From this interpretation of the instrument it clearly appears that the judgment of the trial court was erroneous. It correctly adjudges the interest conveyed to be a 1/64 mineral interest, but incorrectly adjudges the plaintiffs to be entitled to 1/8 of the royalties or rentals. The judgment fails to subject the 1/64 mineral interest to the terms of the leases and thereby limit the interest of the grantees in the accumulated royalty proceeds to 1/64 thereof.
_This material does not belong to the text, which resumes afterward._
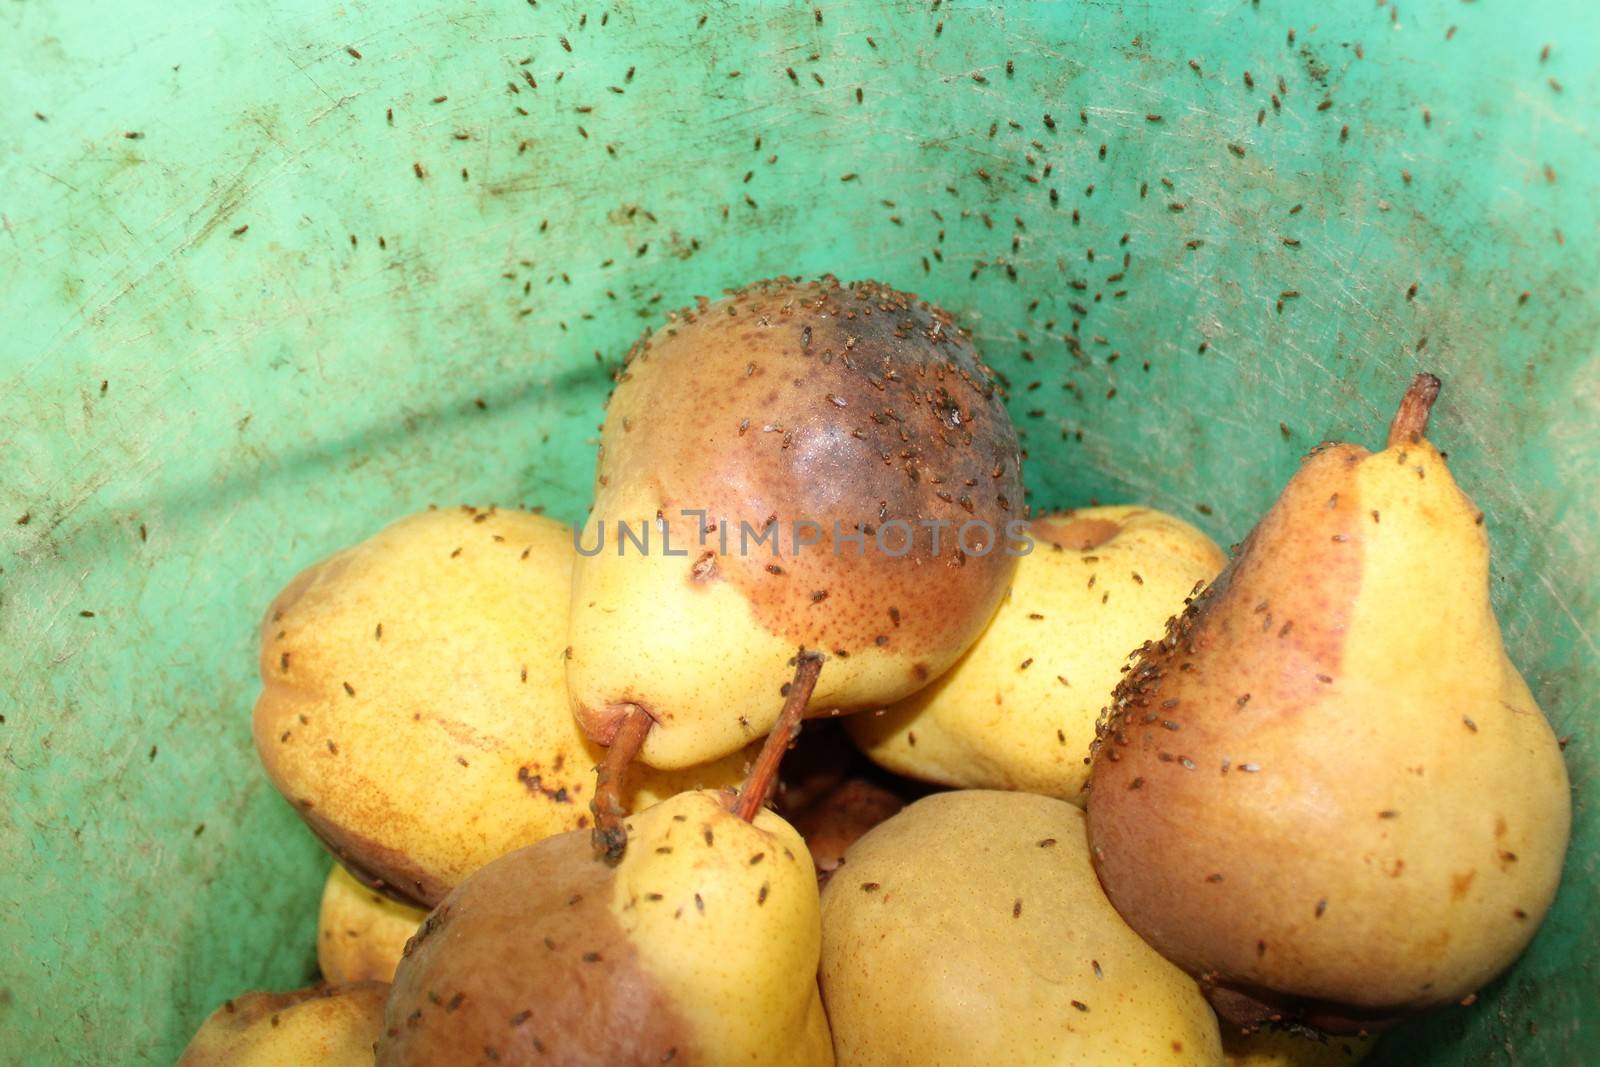 fruit flies on pears by martina_unbehauen

The tendered fund being the difference between 1/8 of the royalty and 1/64 of the royalty, should, under the terms of the instrument as we have interpreted it, have been adjudged to the appellants.

The motion for rehearing will therefore be granted, our former judgment set aside, and judgment will be rendered for the appellants for $312.19, with the order that same be paid over to them, and for costs, etc., all of which is accordingly so ordered.